Milk is accessible and instructive, an astute chronicle of big-city politics and the portrait of a warrior whose passion was equaled by his generosity and good humor. Penn, an actor of unmatched emotional intensity and physical discipline, outdoes himself here, playing a character different from any he has portrayed before.
In the years since the earnest and commercial Finding Forrester (2000), Van Sant has devoted himself to smaller-scale projects, some of them (like the Palme d’Or-winning provocation Elephant) employing nonprofessional actors, and none of them much concerned with soliciting the approval of the mass audience. Gerry, Elephant, Last Days and Paranoid Park are linked by a spirit of formal exploration and also by a preoccupation with death.
Like Elephant (suggested by the Columbine High shootings) and Last Days (by the suicide of Kurt Cobain), Milk is the chronicle of a death foretold. Before that subway station encounter, we have already seen real-life news video of the aftermath of Milk’s assassination, as well as grainy photographs of gay men being rounded up by the police. These images don’t spoil the intimacy between Harvey the buttoned-up businessman and Scott Smith (James Franco), the hippie who becomes his live-in lover and first campaign manager. Rather, the constant risk of harassment, humiliation and violence is the defining context of that intimacy.
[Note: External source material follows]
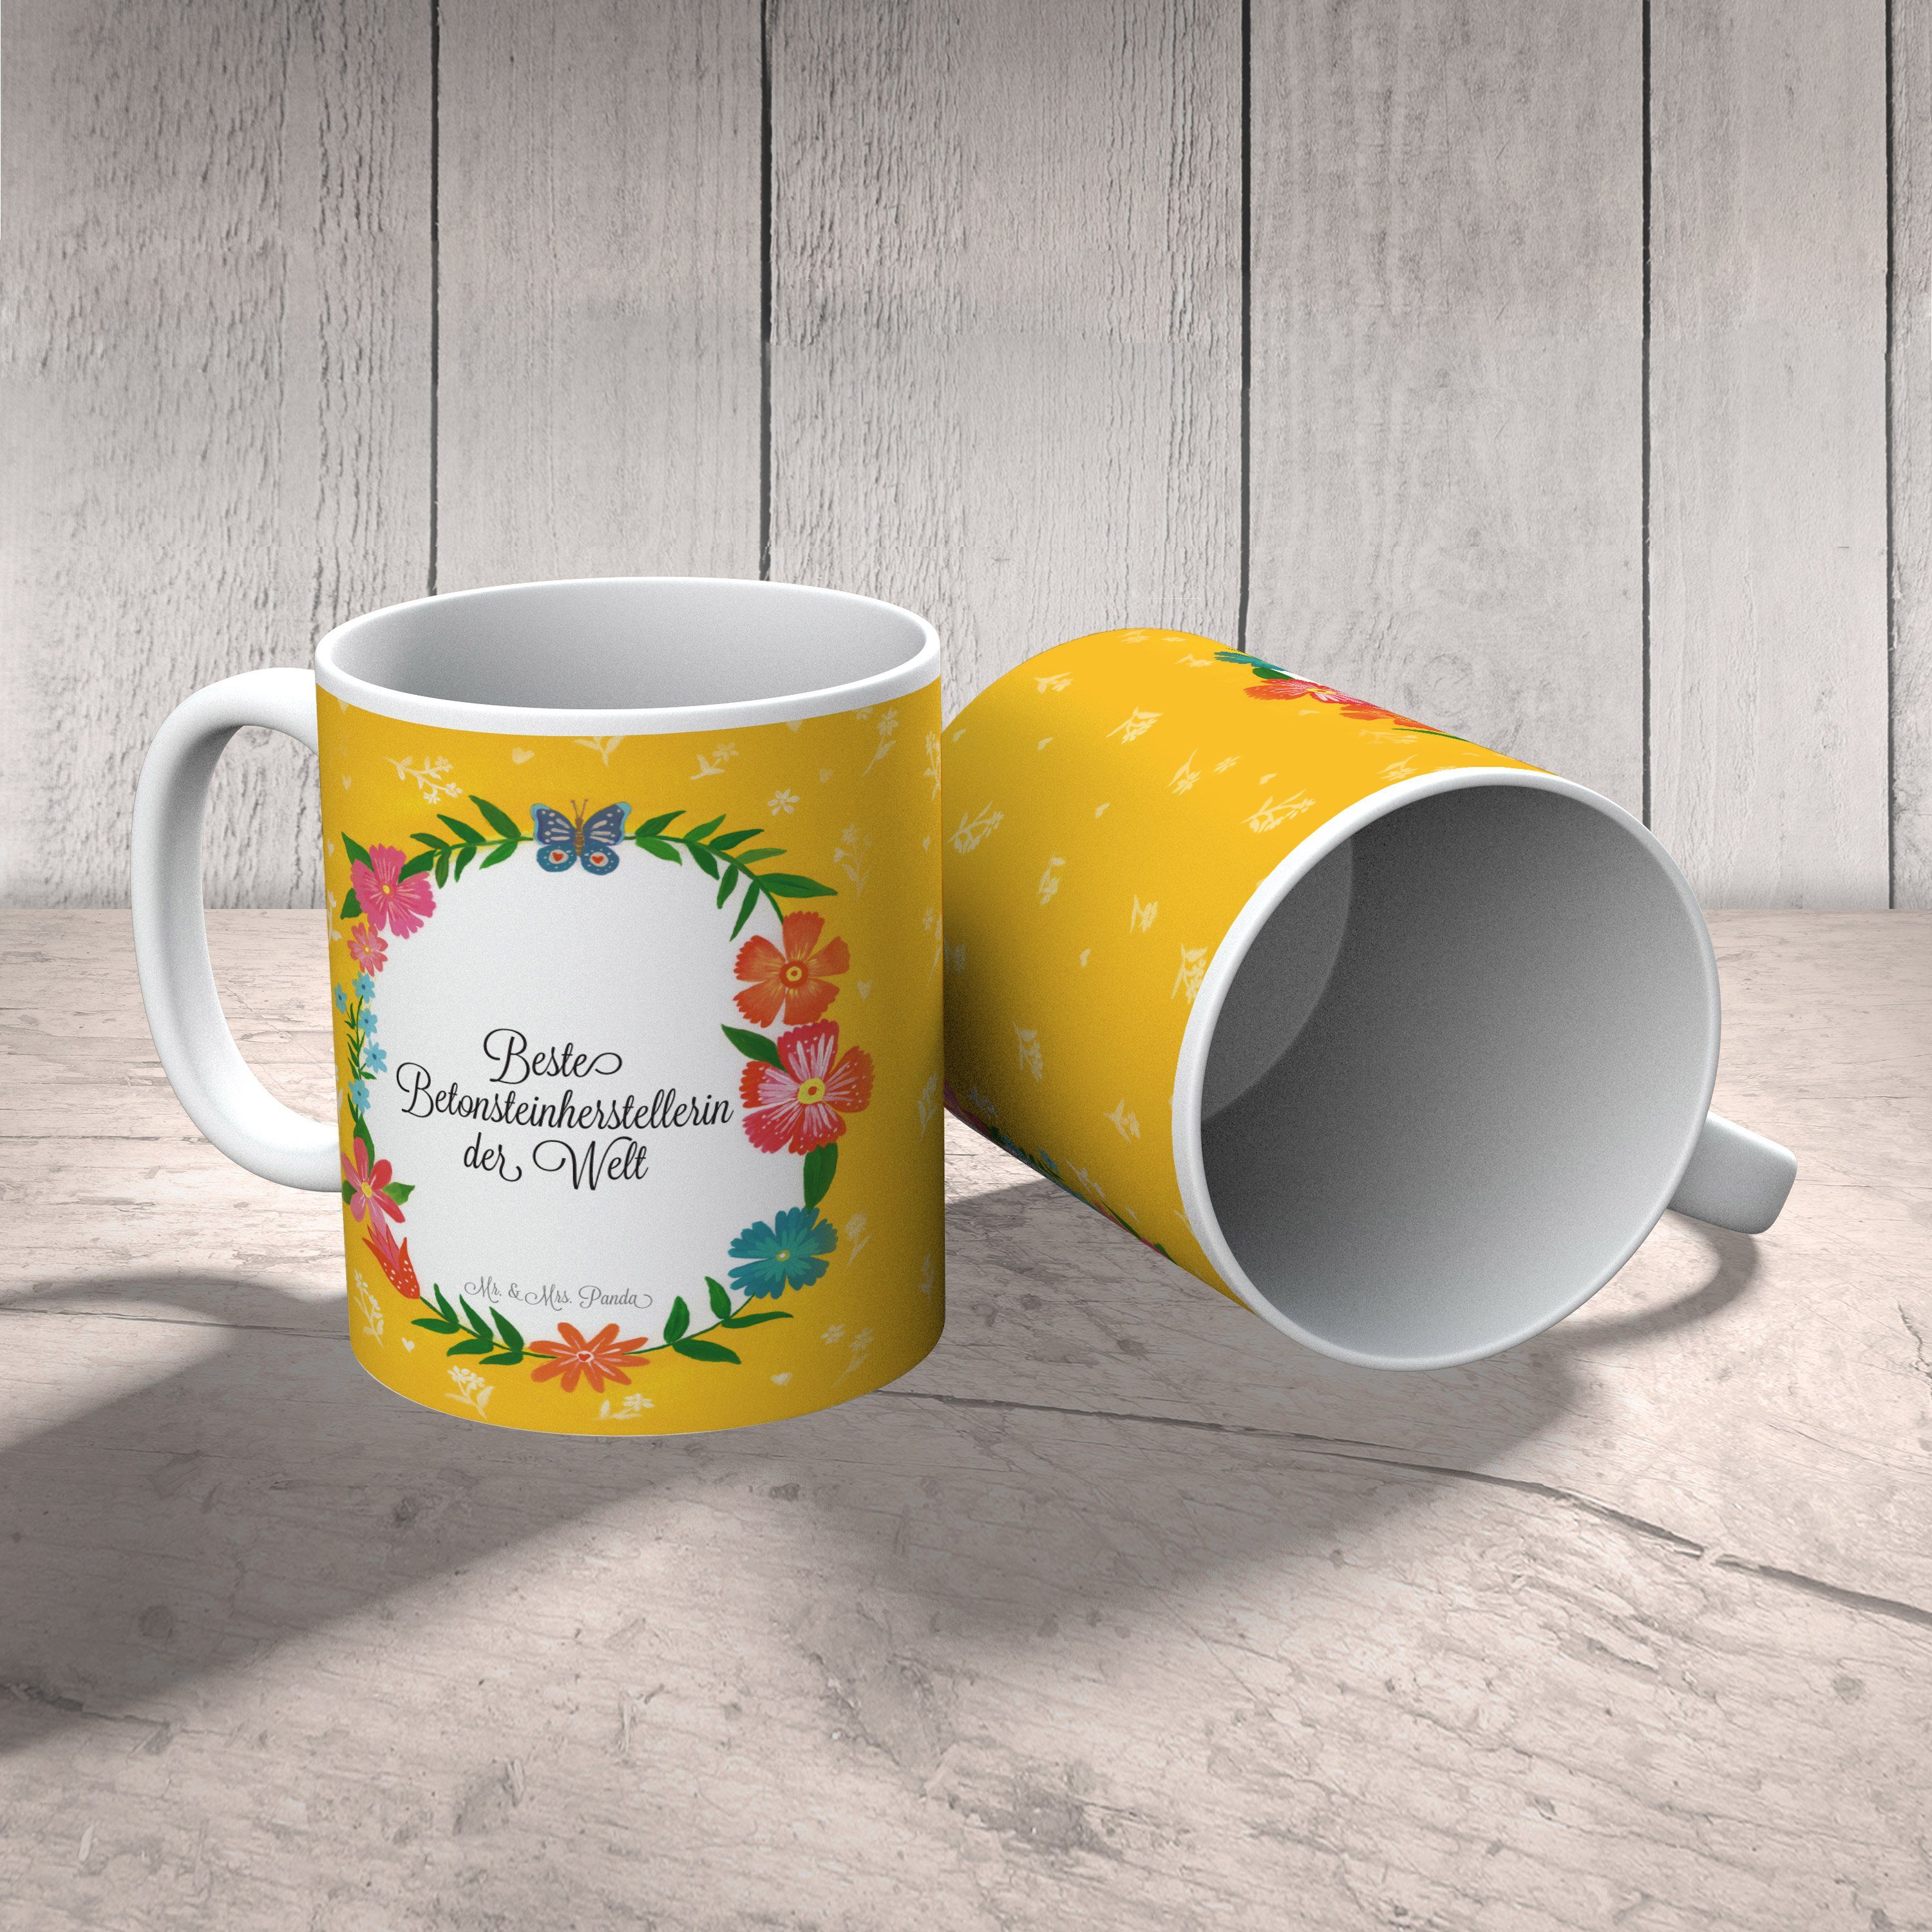 Mr. & Mrs. Panda Tasse Geschenk, Keramik Rente, Betonsteinherstellerin - Motive, Tasse Kaffeebecher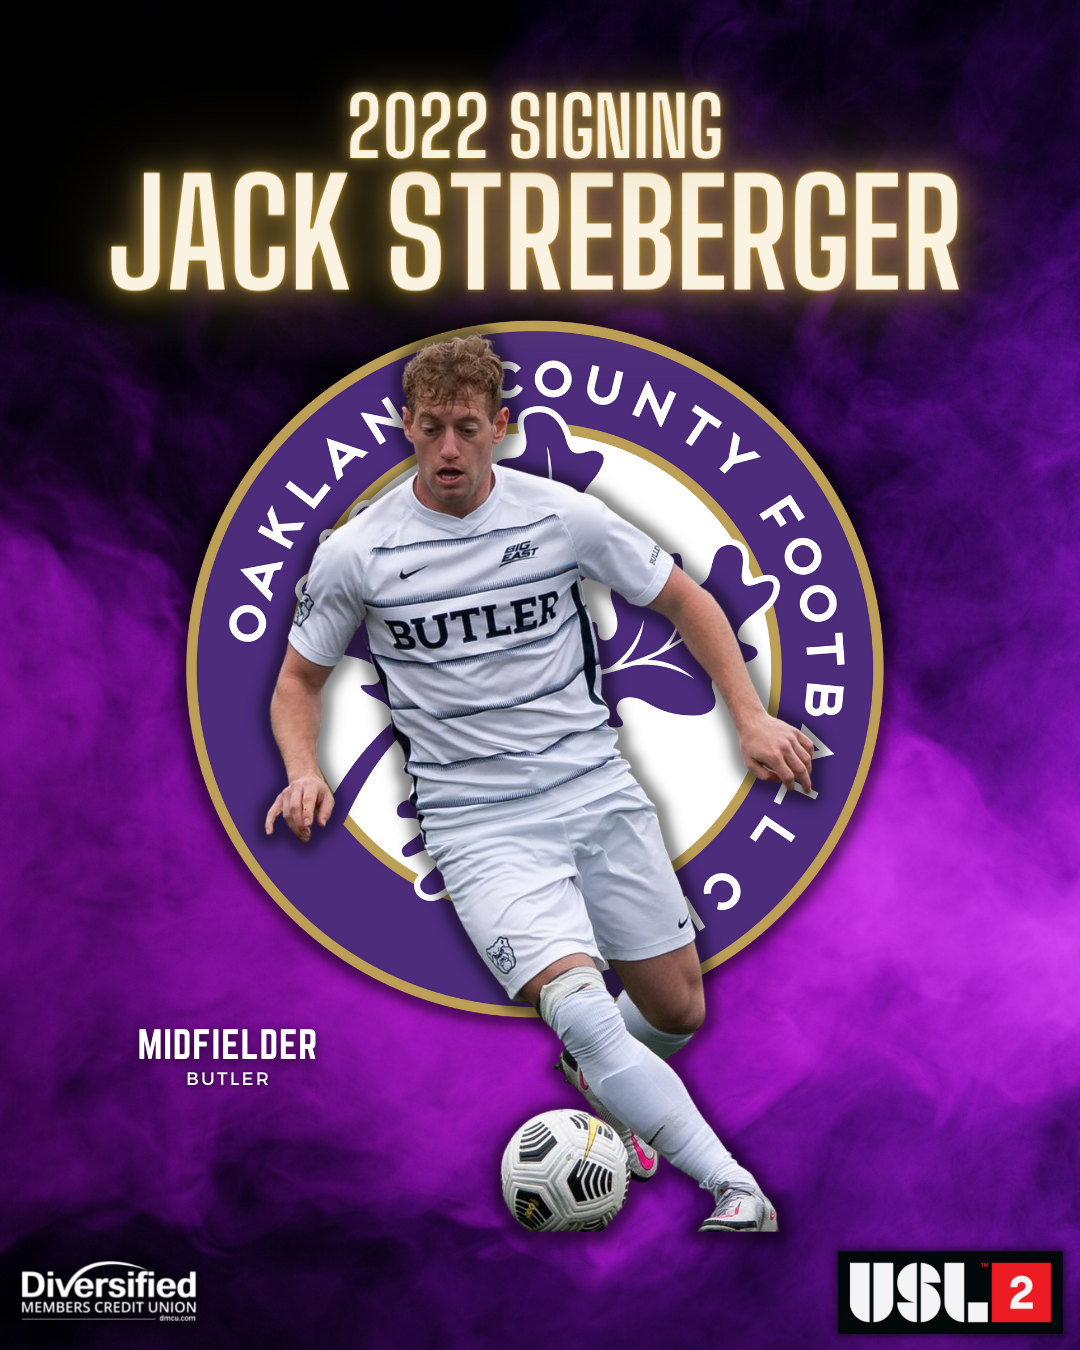 Jack Streberger

And his refusal to accept this as a fact of life, his insistence on being who he is without secrecy or shame, is what turns Milk from a bohemian camera store owner (after his flight from New York) into a political leader.
“My name is Harvey Milk, and I want to recruit you.” That was an opening line that the real Milk often used in his speeches to break the tension with straight audiences, but the film shows him deploying it with mostly gay crowds as well, with a slightly different inflection. He wants to recruit them into the politics of democracy, to persuade them that the stigma and discrimination they are used to enduring quietly and even guiltily can be addressed by voting, by demonstrating, by claiming the share of power that is every citizen’s birthright and responsibility.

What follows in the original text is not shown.